Historical Summary
The social sciences are fundamentally concerned with relationships between individuals and individuals, individuals and groups, and groups and other groups. Language, gossip, customs, codes, institutions, organizations, governments, professions, etc., are concerned with the mediation of these relationships.
The central problem in the general life process is one of adjustment, and the forms of adjustive effort are "behavior." In a human as distinguished from an animal society the problem of the adjustments of individuals and groups is related to a cultural situation, that is, one in which a body of values has been accumulated and preserved (mainly through the instrumentality of language) in the form of institutions, mores, and codes, together with a reinforcing set of attitudes or tendencies to act in conformity with prescribed behavior patterns or norms. The attitudes and values, or, we may say, the attitudes toward values, which reflect the personality of the individual are the result of a process of conditioning by the influences of the cultural milieu, eventuating in a body of habits.
The reaction of different individuals in the same culture to identical cultural influences will depend partly on their different trains of experience and partly on their biochemical constitutions and unlearned psychological endowments. Local, regional, nationalistic and racial groups are in turn conditioned, in the formation of their behavior patterns and habits, by their several trains of experience and conceivably by their particular biochemical and psychological constitutions.

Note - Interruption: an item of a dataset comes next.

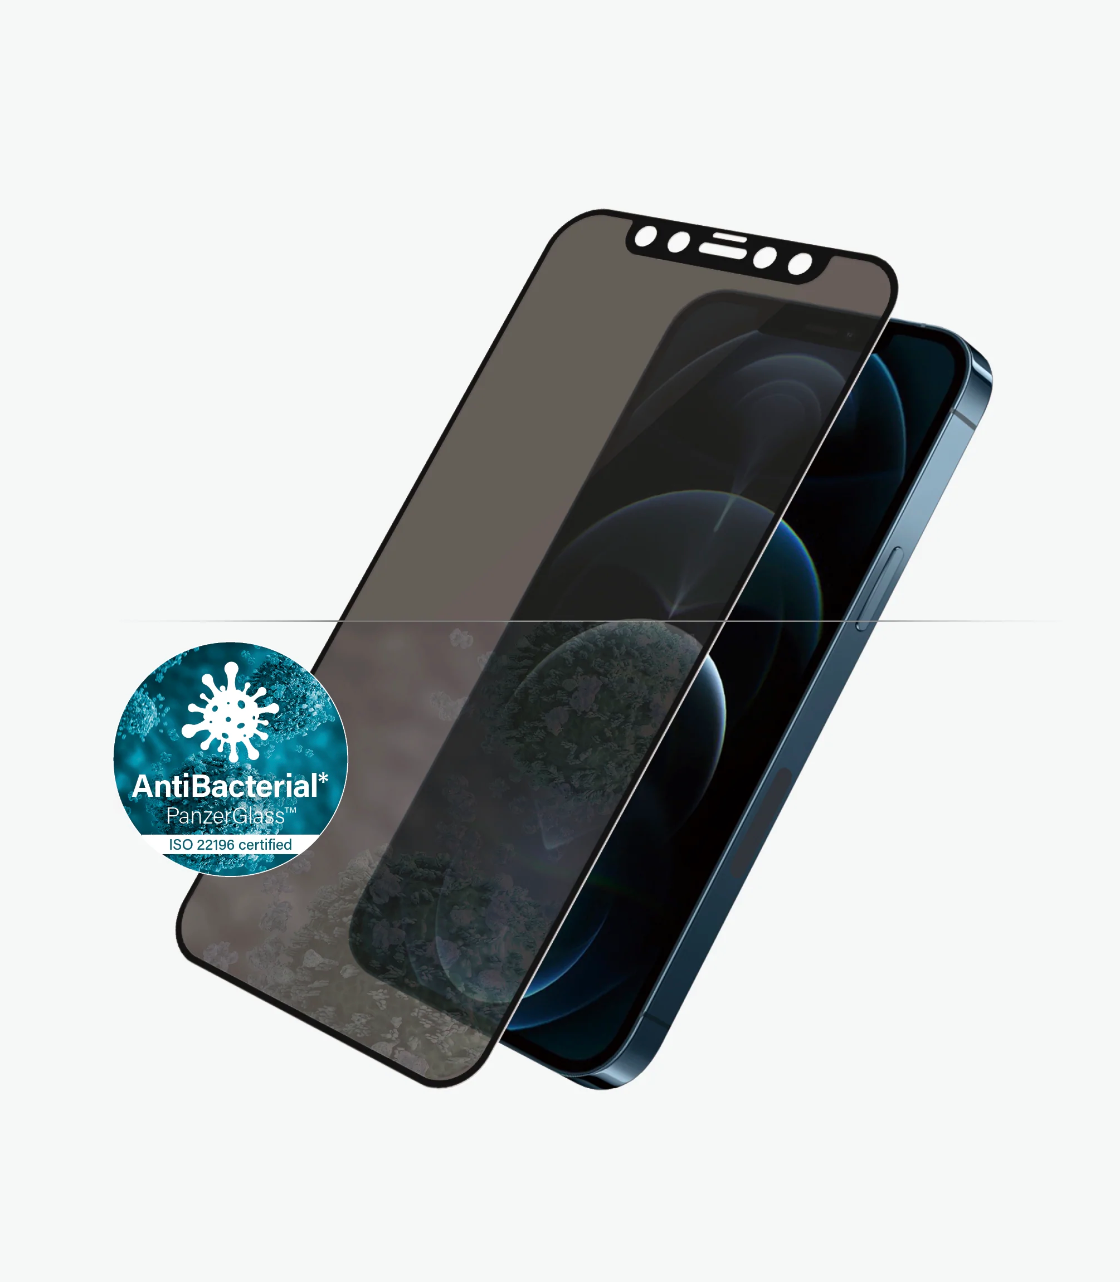 PanzerGlass Case Friendly 2.5D Privacy Tempered Glass for iPhone 12 mini (Black) 

From this standpoint the problems of individual and group adjustment involve study of the following factors:
1. The culture situations to which the individual is to make adjustments (studies of cultures).
2. The devices and instrumentalities for adjusting the individual to the cultural situations (social organization and education).
3. The capacity and opportunity of the individual to be adjusted (constitutional factors, incentives, social position).
4. The failures of adaptation, meaning: for the individual, dependency, vagrancy, crime, alcoholism, drug addiction, psychoneurosis, etc.; and for the group, decline, subordination, extermination.
5. Changes in cultural situations (e.g., internal mobility of populations, urbanization, migration, invasion, colonization, the dissemination of cultural traits, race prejudice, technological advance, shifting of occupation, changes in attitudes and values, etc.) requiring continuous readjustment of individuals and reorganization of culture and learning, and involving questions of the participation of individuals and groups in promoting and directing cultural change.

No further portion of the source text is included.